LOG_ARCHIVE_DEST_n参数:主备库都必须存在,该参数最多可以设置10个,并且每个必须指定LOCATION或SERVICE属性来指定redo data的传输位置及传输方式,对于该参数的用法参考Oracle 官方文档Data Guard Concepts and Administration中第14章LOG_ARCHIVE_DEST_n Parameter Attributes,此处不详细说明。
LOG_ARCHIVE_MAX_PROCESSES参数:该参数指定最大的ARCn进程数,默认为4个,如果数据库的负载压力很大,可以通过修改该参数来提高数据库归档能力。在DG环境主库中,如果使用ARCn进程传输redo data到备库,则ARCn进程数至少需要2个。
②DG环境中ARCn进程传输redo data支持最大性能模式的数据保护
既然提到ARCn进程传输redo data支持最大性能模式的数据保护,这里不得不提一下,在DG环境中数据库运行的三种模式:一种为最大保护模式(Maximum Protection Mode),一种为最大可用性模式(Maximum Availability Mode),第三种为最大性能模式(Maximum Performance Mode)。这里不细说这三种模式的具体含义(在后文相关位置会具体解释),ARCn传输redo data所支持的最大性能模式是指,这种最大性能模式相比于前两种保护模式而言,主数据库性能优于前两种,因为该模式下,不要求主备库数据要保持实时同步,所以采用ARCn进程传输主库archivelog至备库应用,因而不能保证在故障发生时数据不会出现零丢失。而最大保护模式和最高可用性模式对于主备库数据实时同步要求高,因此采用LGWR进程传输主库ORL或是log buffer cache中redo到备库应用保持数据同步。
2-2-2 LGWR传输redo data
上面解释了ARCn传输redo data原理过程,下面解释DG中LGWR传输redo data的方式。LGWR进程传输redo data不同于ARCn,因为LGWR不必等主库将ORL全部归档至本地磁盘后再将每一个archived redo log file一次传给备库去应用,而是当主库log buffer cache中有最新生成的redo data或当主库每产生一组新online redo log,LGWR就将这些redo提交给一个或多个LNSn(Log Network Server)进程通过Oracle Net传输给备库的RFS进程接收,然后RFS再将接收到的redo数据写入到standby redo log file中后,备库再开始应用redo。
LGWR进程传输redo data有两种方式,一种是LGWR SYNC,另一种为LGWR ASYNC。这两种方式虽然都是使用LGWR传输redo data,但是二者在redo data传输机制上还是有差别,同时在DG环境中所对应的数据数据保护模式不同,前者支持最大保护模式和最高可用性模式,而后者不支持。这里粘上官方文档中LGWR传输redo data的说明:
You can optionally enable redo transport services to use the LGWR process to transmit redo data to remote destinations.
Using the LGWR process differs from ARCn processing, because instead of waiting for the online redo log to switch at the primary database and then writing the entire archived redo log at the remote destination all at once, the LGWR process selects a standby redo log file at the standby site that reflects the log sequence number (and size) of the current online redo log file of the primary database. Then, as redo is generated at the primary database, it is also transmitted to the remote destination. The transmission to the remote destination will either be synchronous or asynchronous, based on whether the SYNC or the ASYNC attribute is set on the LOG_ARCHIVE_DEST_n parameter. Synchronous LGWR processing is required for the maximum protection and maximum availability modes of data protection in Data Guard configurations.
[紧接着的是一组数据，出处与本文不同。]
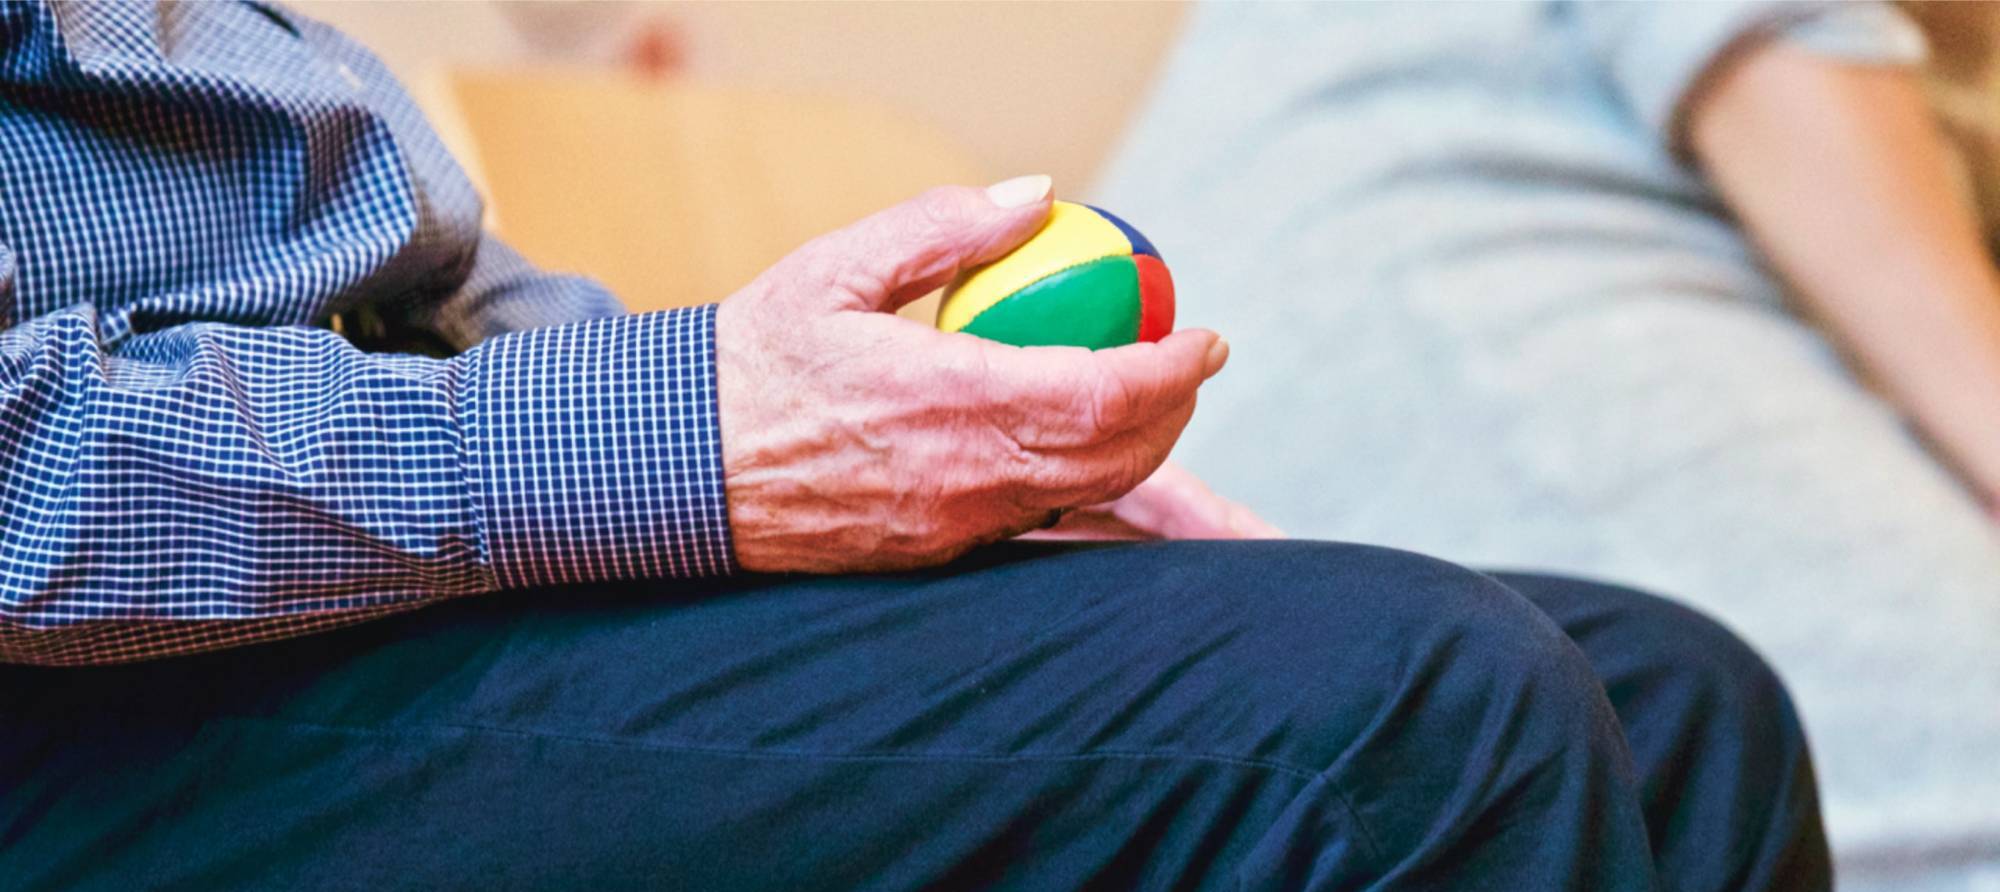 elderly patient with hand ball

为了更清楚的说明这个过程,我们结合官方文档中的原理图来分别说明LGWR SYNC和LGWR ASYNC这两个过程。
①LGWR SYNC
官方文档上对于LGWR传输redo data的说明中,提到了LGWR传输redo data是采用SYNC还是ASYNC方式,是由LOG_ARCHIVE_DEST_n参数设置决定的。对于该参数的用法这里不赘述,可以去官方文档查阅了解。以下为官方文档对于LGWR SYNC的说明:
Example Initialization Parameters for LGWR Synchronous Archival
LOG_ARCHIVE_DEST_1='LOCATION=/arch1/chicago'
LOG_ARCHIVE_DEST_2='SERVICE=boston LGWR SYNC NET_TIMEOUT=30'
LOG_ARCHIVE_DEST_STATE_1=ENABLE
LOG_ARCHIVE_DEST_STATE_2=ENABLE
Specifying the SYNC attribute on the LOG_ARCHIVE_DEST_n parameter is optional, because this is the default for LGWR archival processing. The NET_TIMEOUT attribute is recommended, because it controls the amount of time that the LGWR process waits for status from the network server process before terminating the network connection. If there is no reply within NET_TIMEOUT seconds, then the LGWR process returns an error message.
Figure 5-4 shows a Data Guard configuration that uses the LGWR process to synchronously transmit redo data to the standby system at the same time it is writing redo data to the online redo log file on the primary database:
On the primary database, the LGWR process submits the redo data to one or more network server (LNSn) processes, which then initiate the network I/O in parallel to multiple remote destinations. Transactions are not committed on the primary database until the redo data necessary to recover the transaction is received by all LGWR SYNC destinations.
On the standby system, the remote file server (RFS) receives redo data over the network from the LGWR process and writes the redo data to the standby redo log files.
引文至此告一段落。